SOURCE MATERIAL
—————

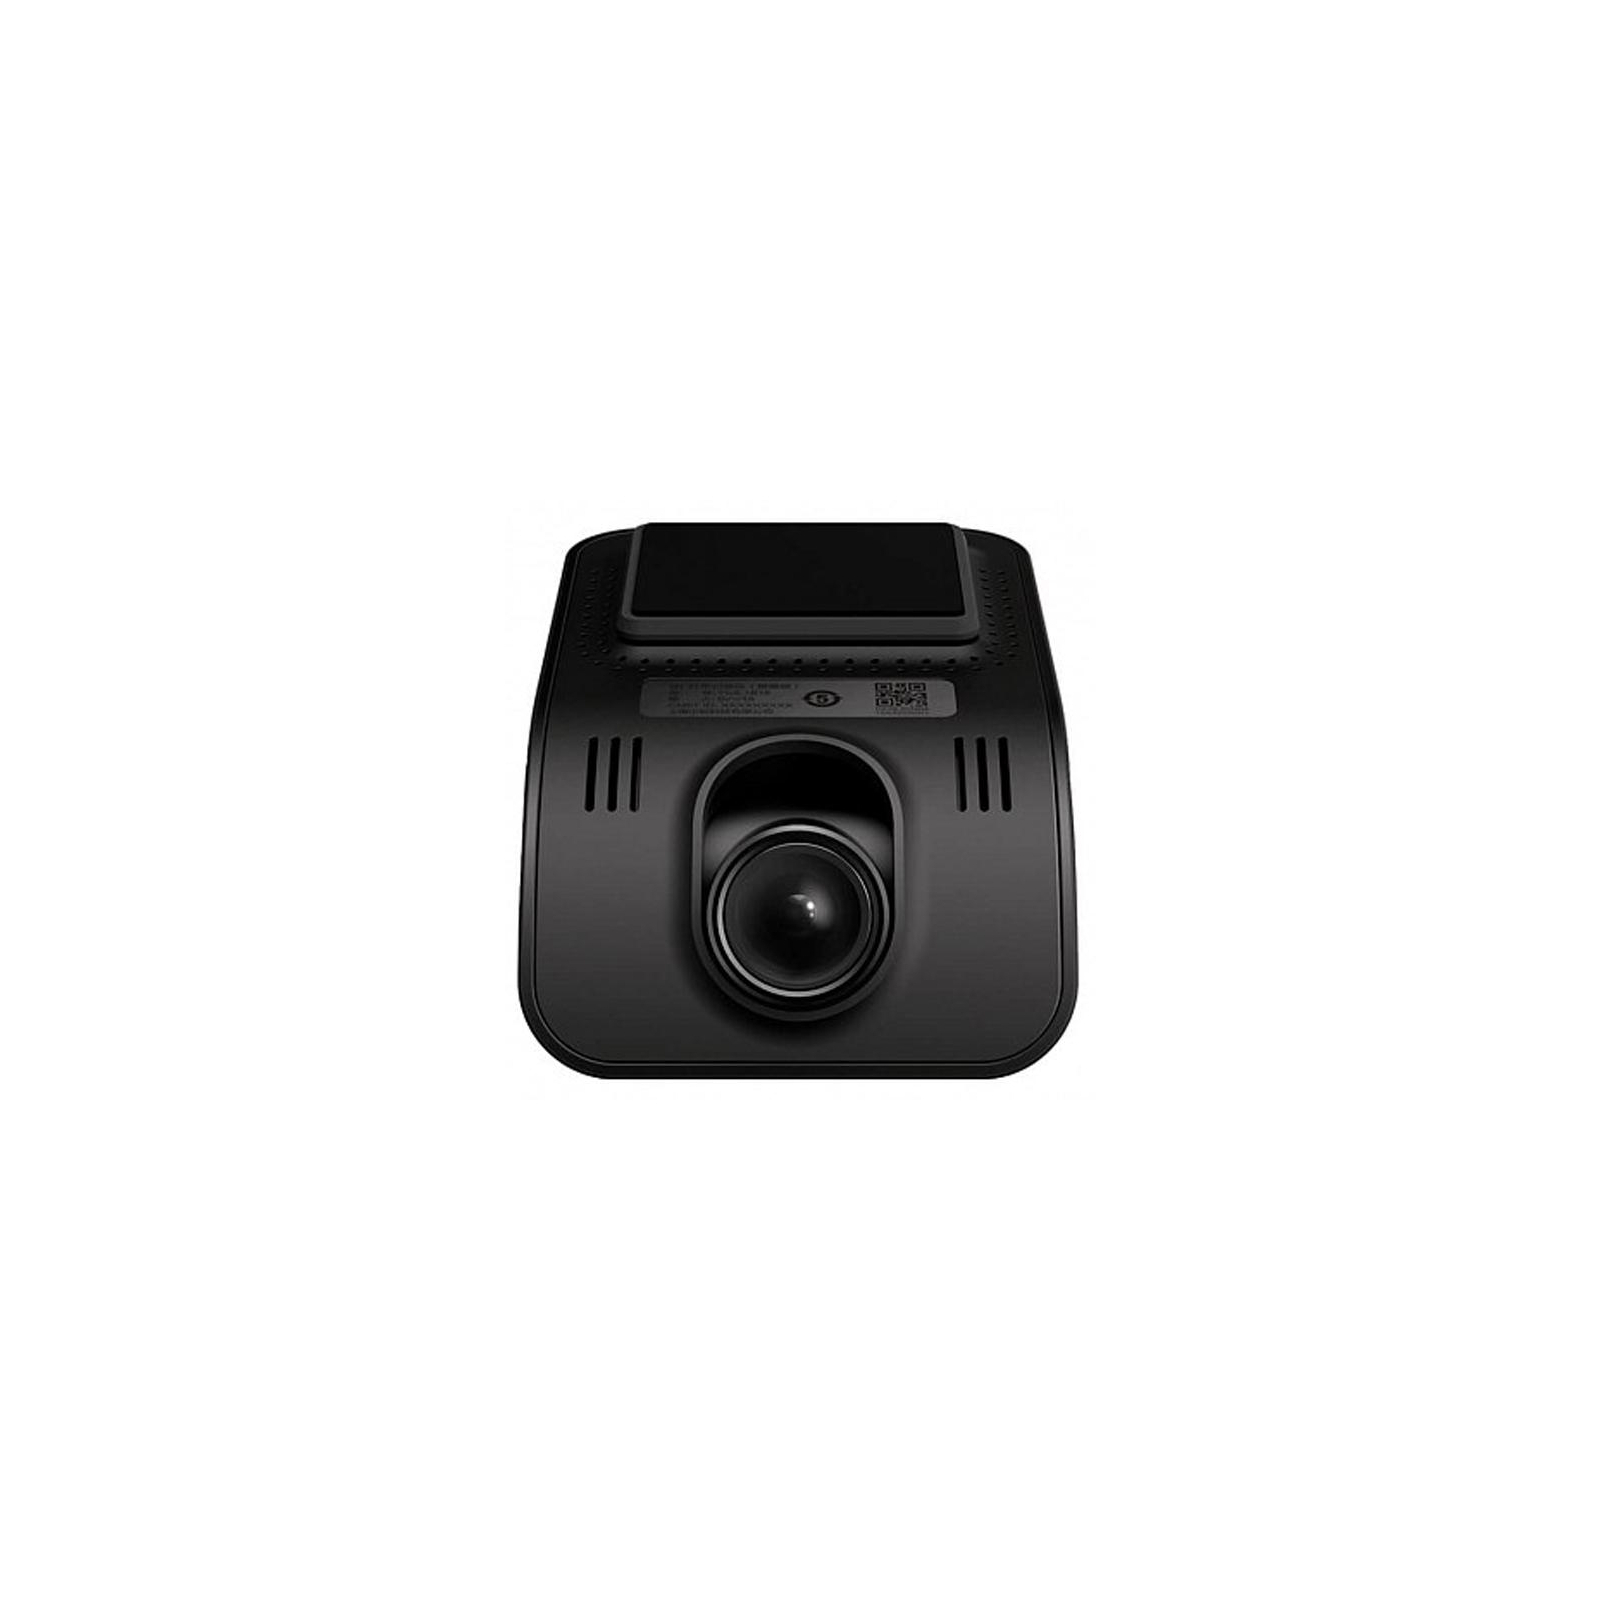 Видеорегистратор Xiaomi YI Mini Smart Dash Camera (YCS1B18) изображение 2
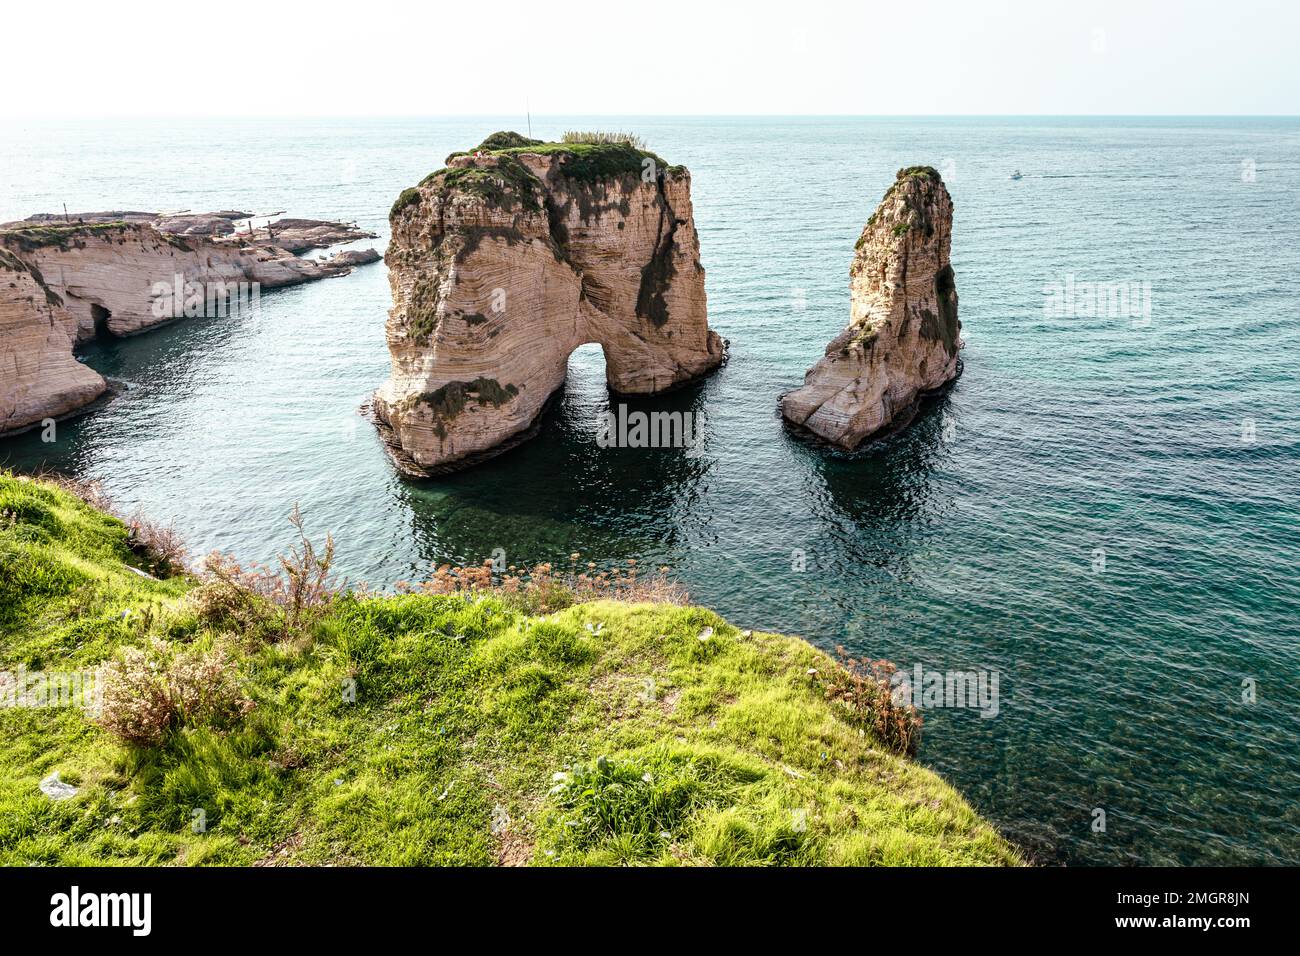 Raouche Rocks à Beyrouth, Liban dans la mer pendant la journée. Pigeon Rocks en mer Méditerranée. Destination touristique populaire à Beyrouth. Banque D'Images
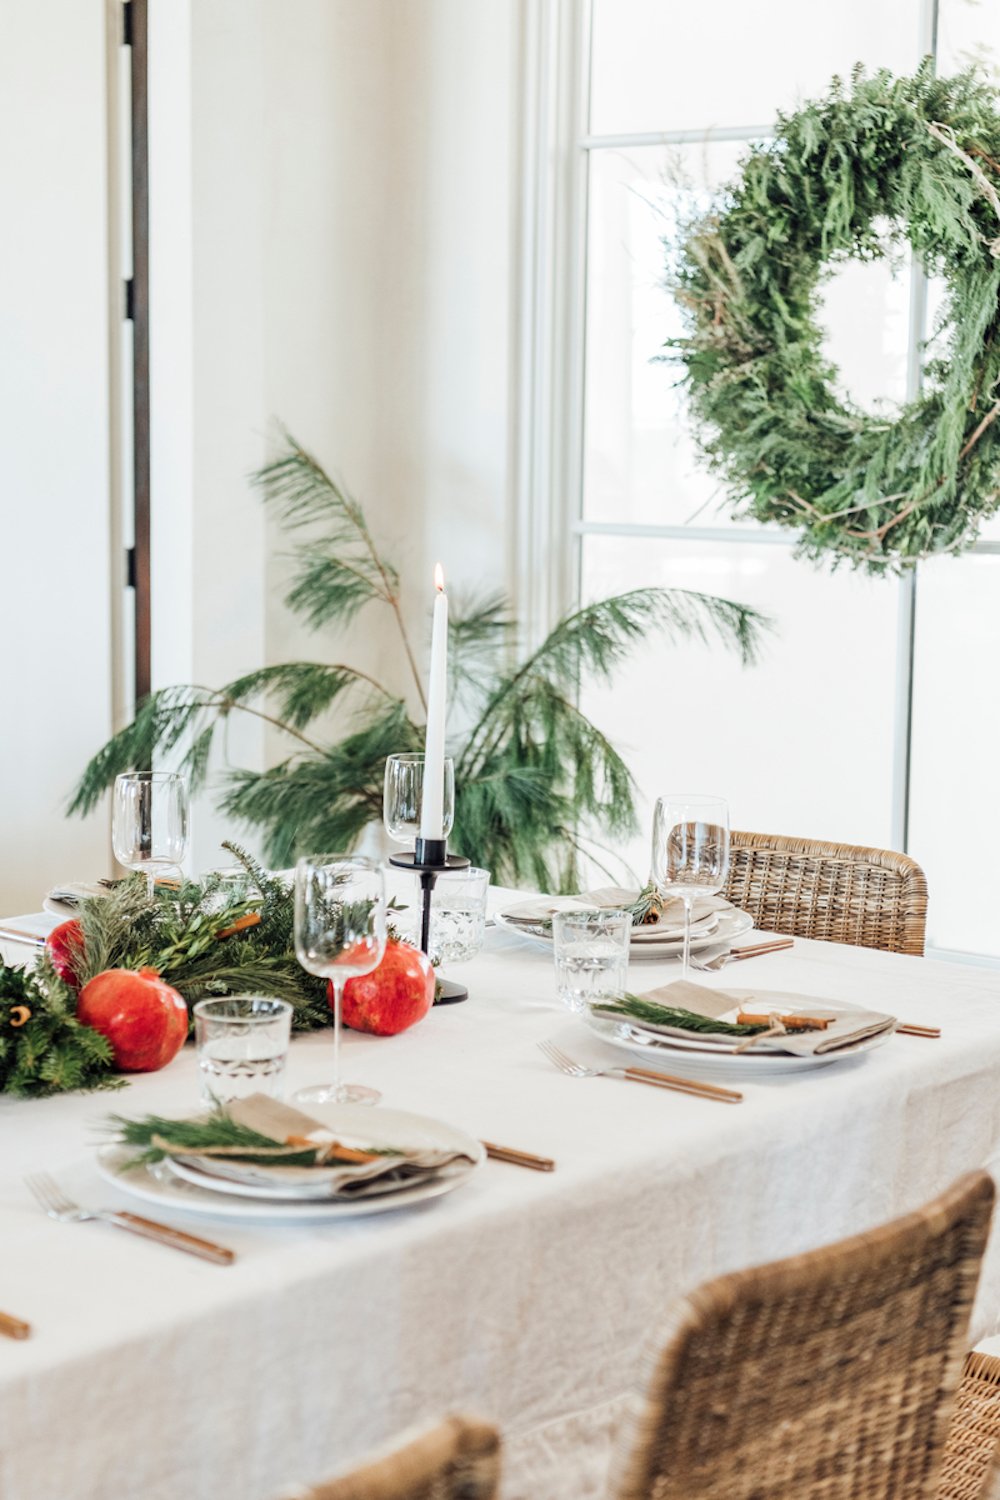 Mesa de vacaciones moderna con mantel blanco, copas de vino y bebidas modernas, platos blancos, servilletas de lino gris y centro de mesa de pino verde con granadas.

—————

THE TASK
Exactly as written above, print every line of the data but not its pictures.

THE ANSWER
 Видеорегистратор Xiaomi YI Mini Smart Dash Camera (YCS1B18) изображение 2
 Raouche Rocks à Beyrouth, Liban dans la mer pendant la journée. Pigeon Rocks en mer Méditerranée. Destination touristique populaire à Beyrouth. Banque D'Images
 Mesa de vacaciones moderna con mantel blanco, copas de vino y bebidas modernas, platos blancos, servilletas de lino gris y centro de mesa de pino verde con granadas.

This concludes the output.